Just last year they were in a gastropub with their wives, watching the rugby world cup, when four foul-mouthed barflies started to get too rowdy for McNab’s taste. He asked them politely to watch their language, but when one of them squared up to him a switch flipped.

“You see that with psychopaths,” recalled Kevin with a kind of awe. “His eyes just changed, they were ice-cold. He put his hand on the guy’s forearm and he said, ‘The door is over there; you, you, you and you get out’. And they did. I’m studying this now; I want to know if this is something you can method act, something you can fake, or whether you need to know deep down inside of you that you can rip these men apart.”

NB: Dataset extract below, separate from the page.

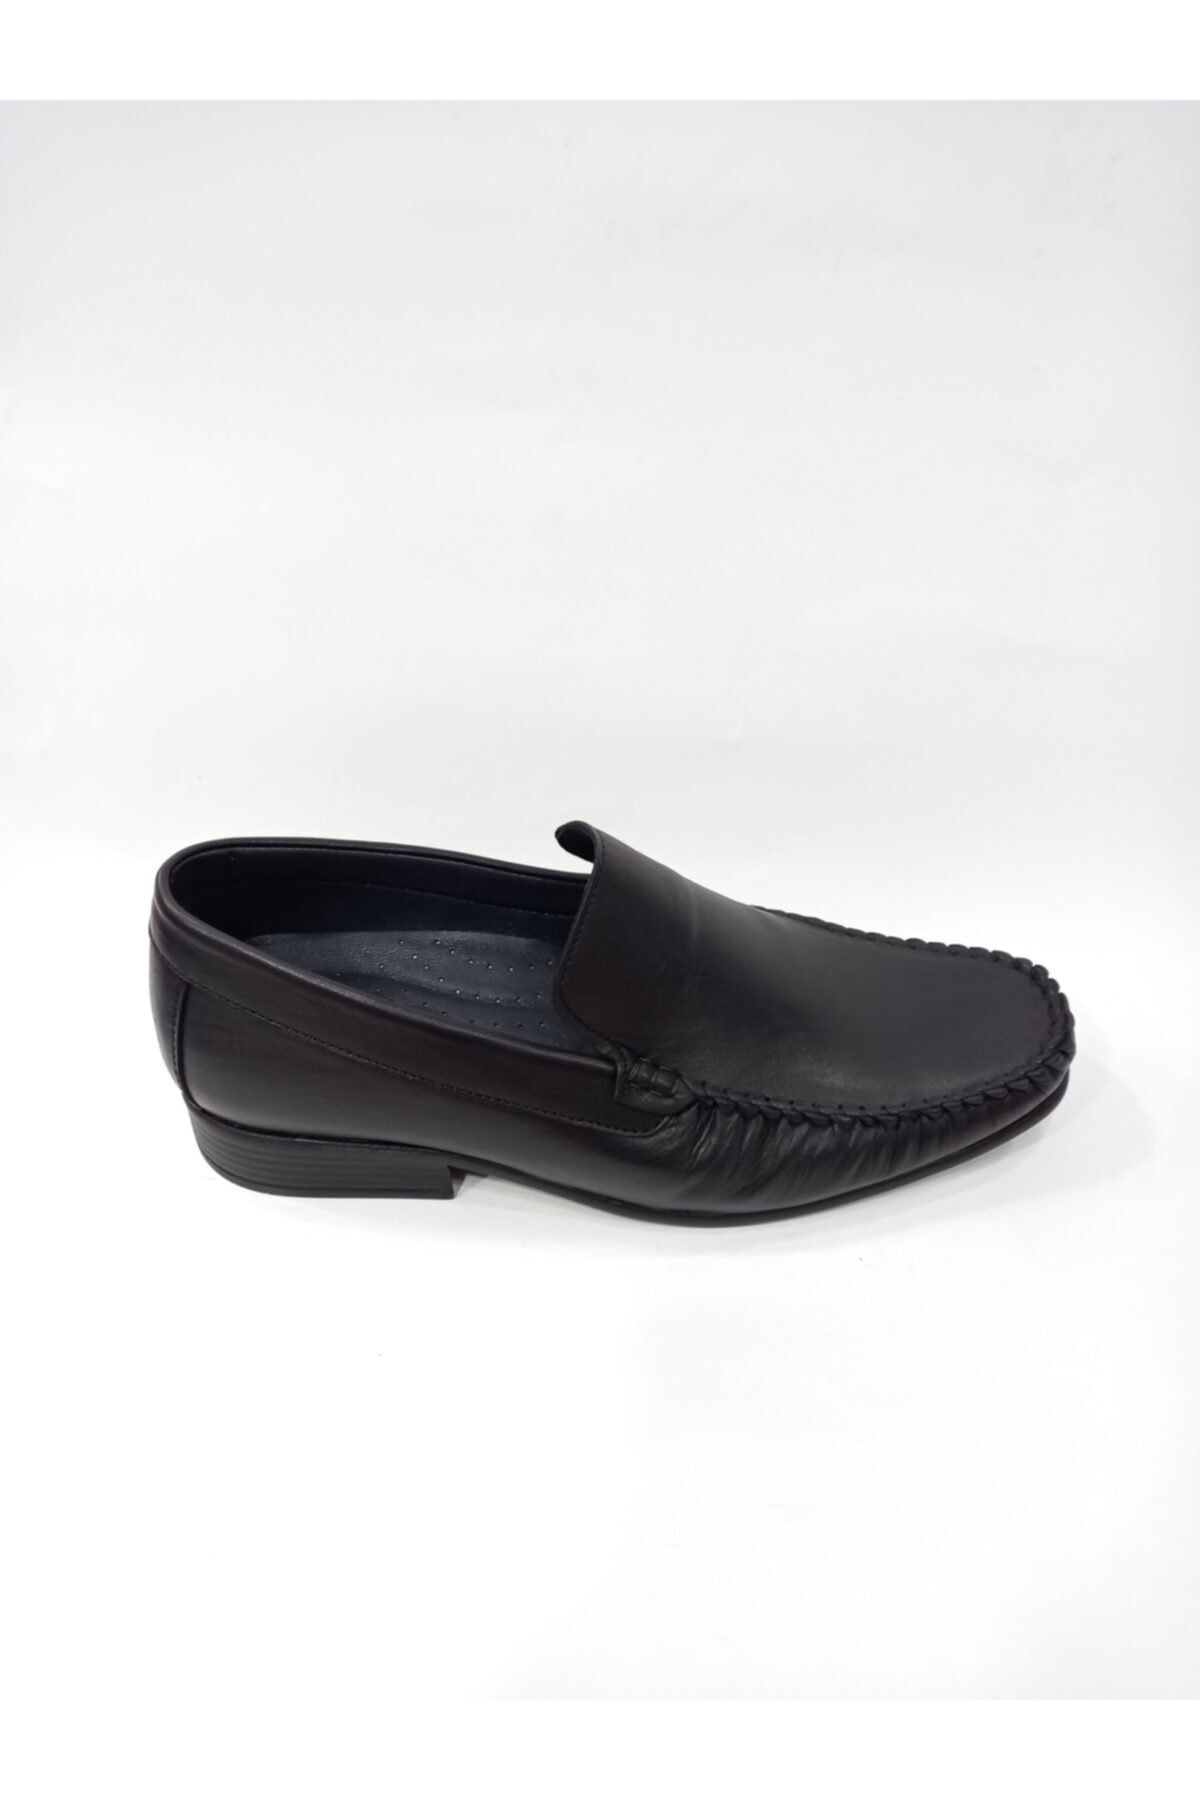 Modesa 128-03 Siyah Hakiki Deri Ortopedik Poli Taban Günlük Erkek Ayakkabı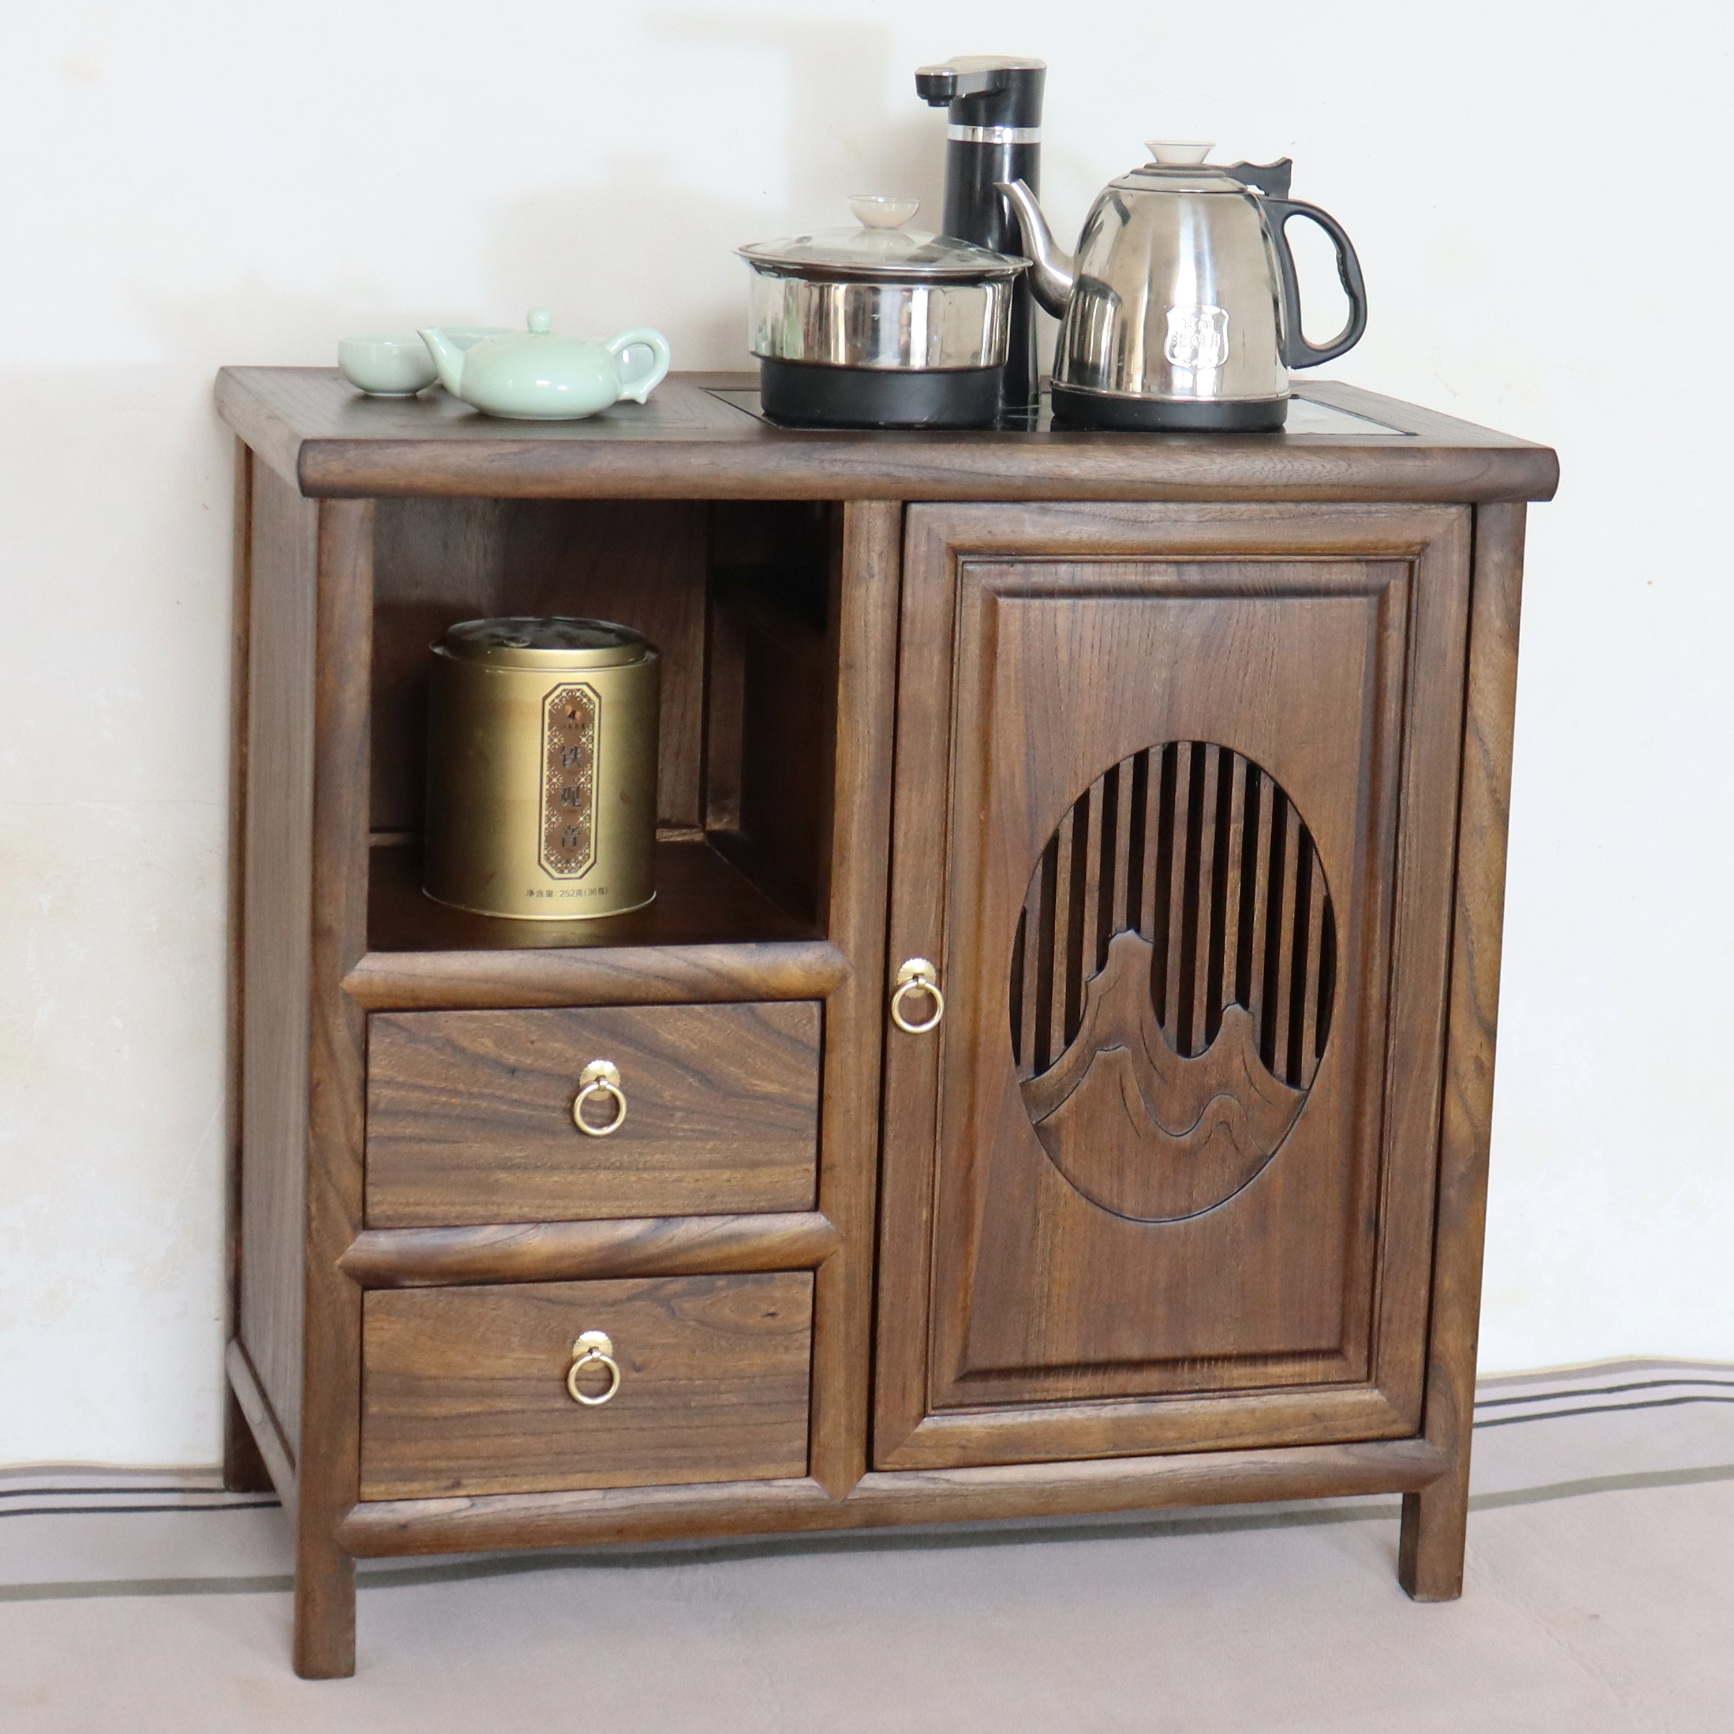 新中式茶水柜简约客厅实木餐边柜榆木移动小茶台多功能置物架矮柜

That’s one for the psychopath, zero for the louts. The as-yet-unexplained ability to catch someone in a lie could be another tell-tale sign of psychopathy, and a rather enviable talent at that. Concluding his chat at the Festival of Literature, Kevin put our psychopathic tendencies to the test with real clips of family pleas for information after the disappearance of a loved one. Some were guilty, some were not. Not even the police at the time were able to tell who was lying. But Kevin’s psychopath subjects have been able to unmask the liars in two shakes of a lamb’s tail. I’m sad to report that (like the police) I was shamelessly duped by two murderers out of three, and the rest of the audience didn’t fare much better.

If not harnessing your baser psychopathic nature dooms you to a life of poverty, career suicide and makes you more vulnerable to cheats and swindlers, maybe taking a leaf from the psychopath’s handbook is not so ill-advised after all.